How to Test a Bad TR Power Unit Transistor on a 3000GT

Learning how to test for electronic component malfunctions can save do-it-yourself mechanics much frustration and money, as they search for the cause of their sputtering engines. The Mitsubishi 3000GT sport car's power transistor unit -- or PTU -- is usually the weak link in the ignition system. It should be tested instead of simply replacing it with an expensive new unit, which may not correct the engine problem.

Things You'll Need

  • Roll of adhesive tape
  • Scissors
  • 18-gauge stranded insulated wire -- 2-foot length
  • Wire stripper/cutter
  • 1 1/2 volt size "D" battery
  • 2 alligator clips
  • Analog multimeter with an ohm scale
  • Access the PTU -- which is located on the passenger side of the engine, bolted to the block beneath the ignition coils -- so you can test the unit without removing it. Take the negative lead off the battery post. Disconnect the upper and lower radiator hoses (engine block side only), and wedge them in an upright position to retain most of the radiator coolant. Position a pail under the engine block to catch any coolant escaping from the block. Disconnect any other obstructions such as turbo or air intake hoses.

  • Remove the two harness plugs from the PTU. The larger plug is disengaged by pressing on the visible clip on top of the plug and gently wiggling the plug loose. The smaller plug is locked in place by a wire clip located on its underside. Snag the locking wire -- with a 90-degree angle pick, a very small slot-head screwdriver or a pocket knife blade -- and slide it away from the connector. Remove the wire lock with needle-nose pliers, and disconnect the plug.

  • Test the PTU. The unit is tested by placing a current from a 1.5-volt battery through each of the PTU's three transistors and measuring continuity on the ohm scale of an analog multimeter. If the transistors are good, the meter will register "0" or near "0" resistance (located on the right side of the scale), indicating a completed circuit. A bad transistor will show up as an open circuit with the ohm scale needle swinging to the left side, indicating high resistance.

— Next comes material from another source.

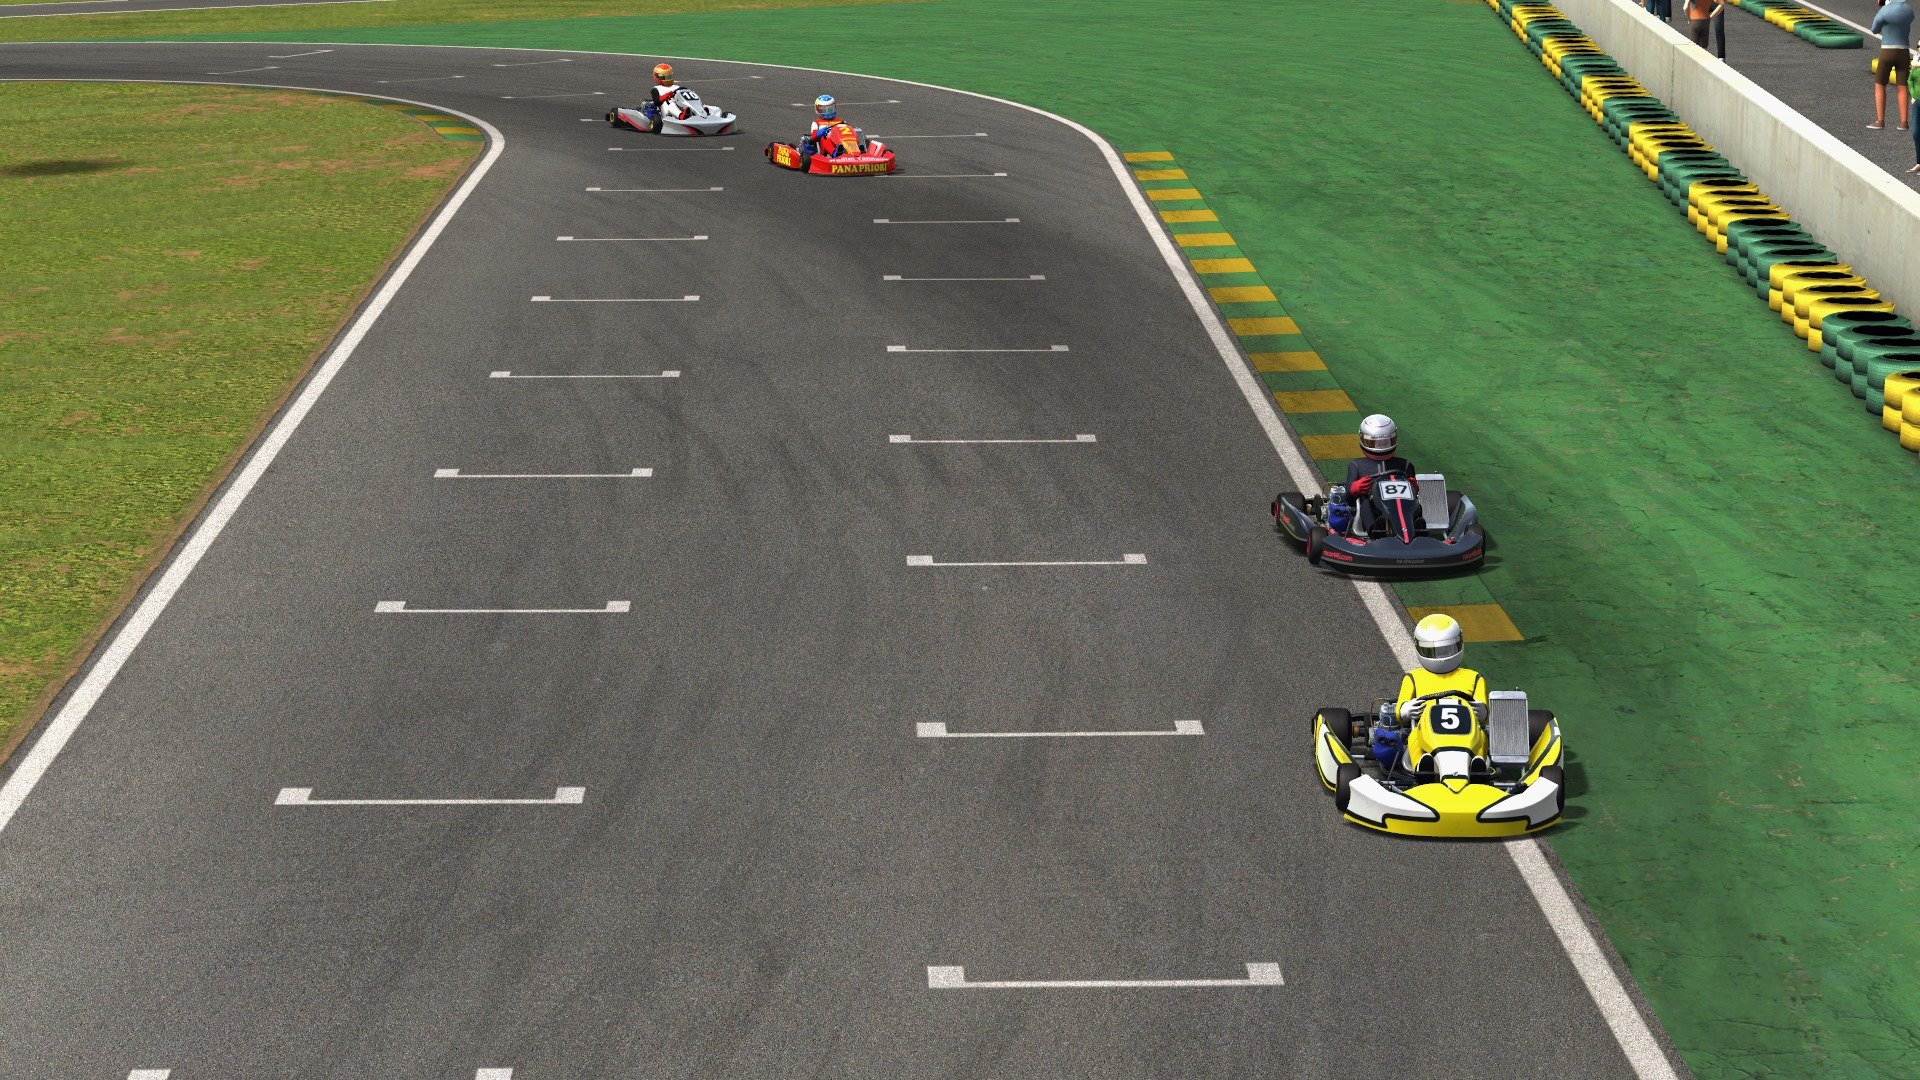 Circuito Ortona : Gsc extreme ortona kart track preview inside sim racing

  • Zero the ohm scale of the meter by touching the two probes together and aligning the needle on "0" with the adjustment screw. Cut a 2-foot, stranded, 18-gauge, insulated wire in half, and strip the ends of both wires. Attach small alligator clips to each wire, and tape the other ends to the positive and negative poles of a flashlight battery.

  • Apply current to the first transistor by attaching the clip from the negative battery lead to the ground terminal of the PTU, marked "GND" on the casing. Connect the positive battery lead clip to the emitter terminal of the first transistor identified as "IB1" (next to the ground connector).

  • Check continuity (a completed circuit) between the first transistor's emitter and the other side of its circuit, called the "collector." Do this by touching the positive (red) probe of the meter to the PTU's ground terminal and the negative (black) probe to the first transistor's collector terminal -- marked "OC1" on the casing of the smaller plug.

  • Test the second and third transistors by moving the positive battery lead clip to the "IB2" and "IB3" connectors and the black (negative) meter probe to "OC2" and "OC3." If any of the three readings shows high resistance, the power transistor unit is faulty and must be replaced.